Sqreen (YC W18): Securing Web Apps by Auditing Model Artifacts, Not Just Code

Sqreen positions itself as a defense layer for modern web applications, specifically addressing the security challenges introduced by AI-driven development and complex dependency ecosystems. As we shift from static threat modeling to dynamic agent reasoning, the perimeter of what constitutes a "vulnerability" has expanded beyond traditional SQL injection or XSS vectors. It now encompasses model integrity, artifact provenance, and the behavioral patterns of agentic workflows.

At CHKDSK Labs, we’ve seen this transition firsthand. The security landscape is no longer defined solely by network traffic logs or static code analysis. It is defined by the artifacts your application consumes and produces. This post focuses on a specific implementation detail often overlooked: securing the web app stack by rigorously auditing local LLM model artifacts before they ever interact with production systems.

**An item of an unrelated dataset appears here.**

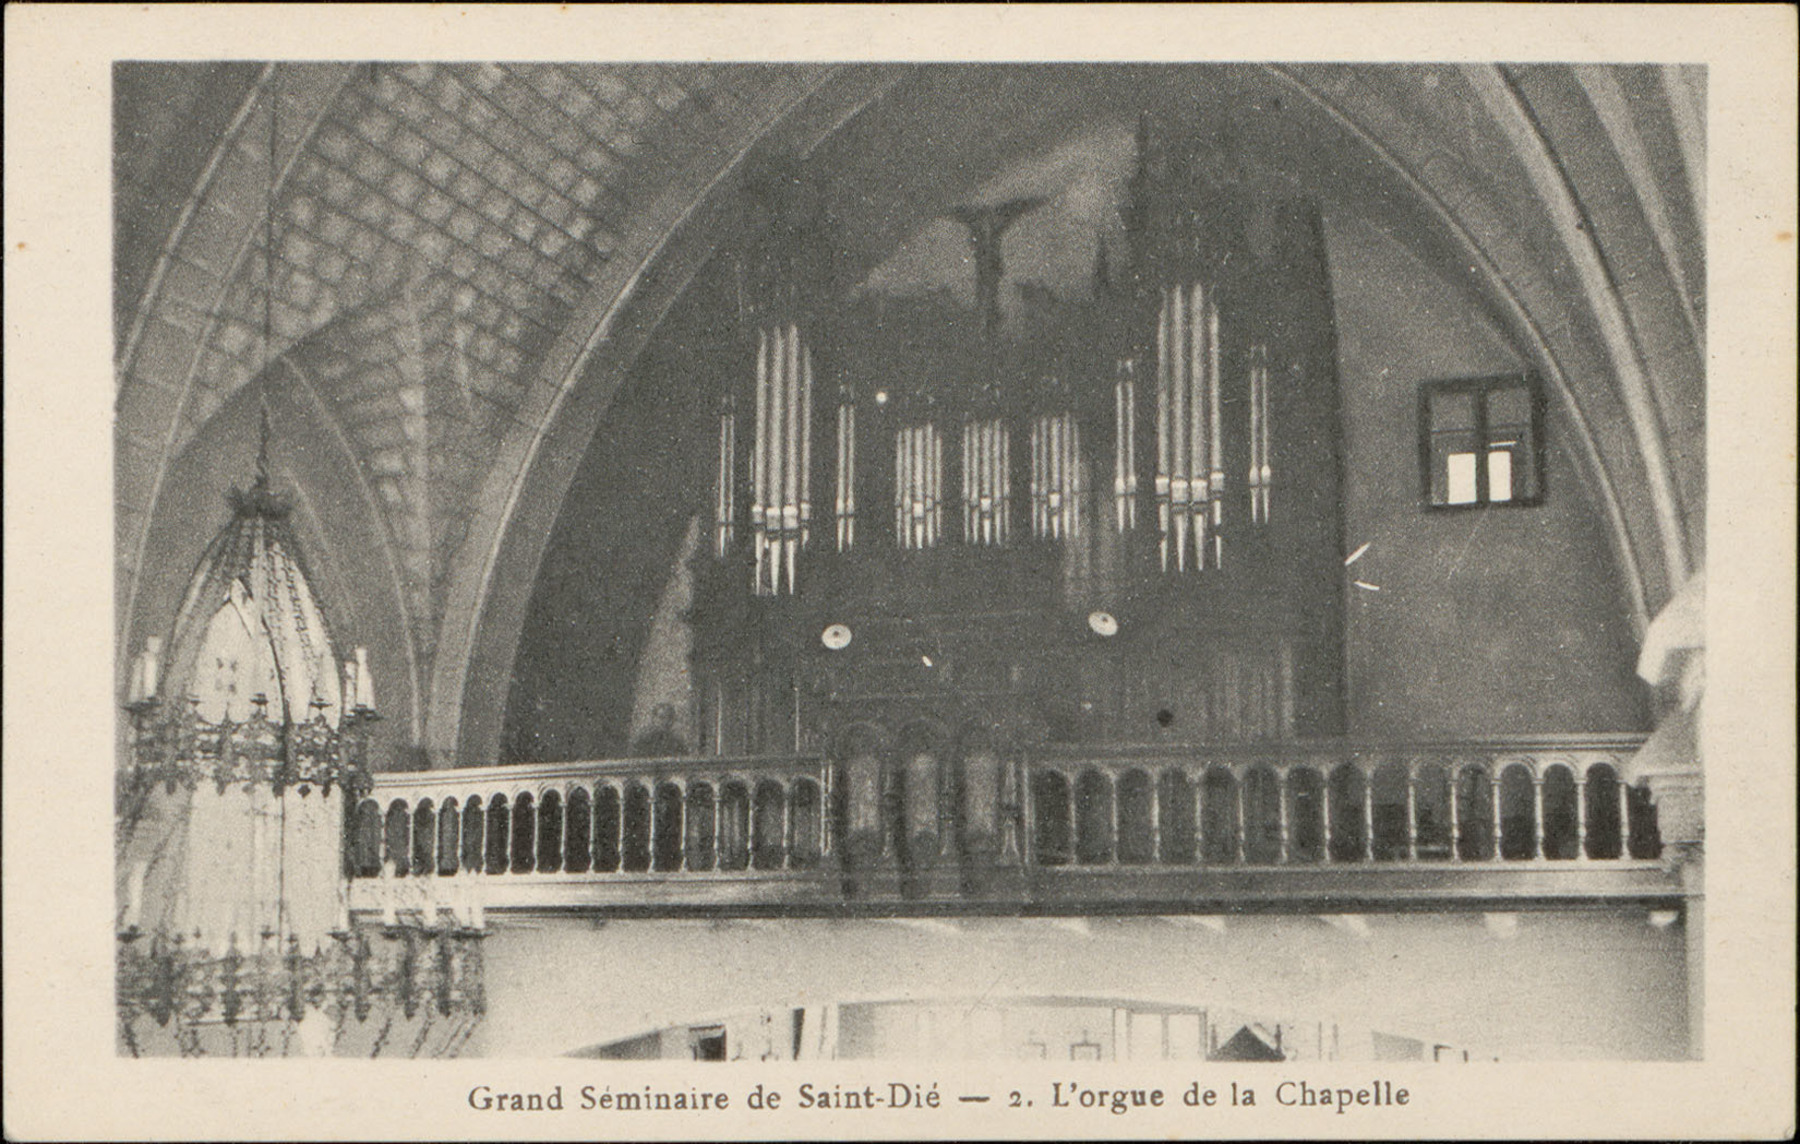 Contenu du Grand séminaire de Saint-Dié : l'orgue de la Chapelle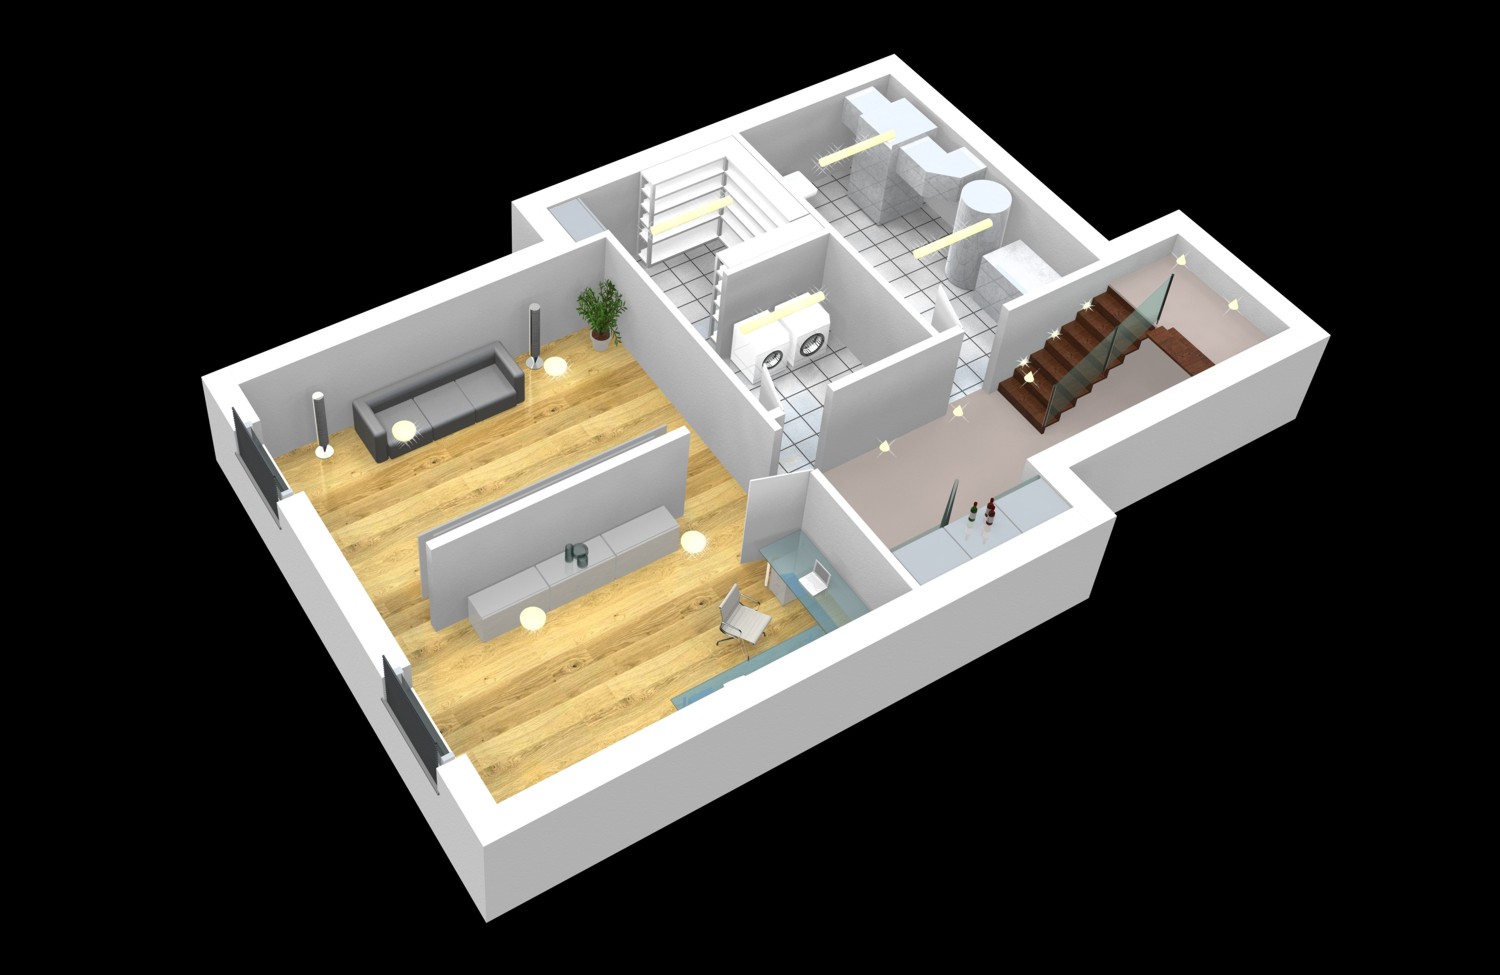 Architekturvisualisierung perspektivische Darstellung in 3D einer Gebäude-Ebene / eines Grundrisses

The Shift from Static to Agentic Security Contexts

Modern web apps are increasingly powered by agentic workflows, shifting security concerns from simple input validation to complex behavior monitoring. This isn't just theoretical; it is observable in enterprise codebases where AI agents manage on-call rotations, review pull requests, and generate internal tooling. Recent discussions around tools like Ramp’s use of Codex for code review highlight how "reasoning capabilities" are now central to developer velocity and quality assurance.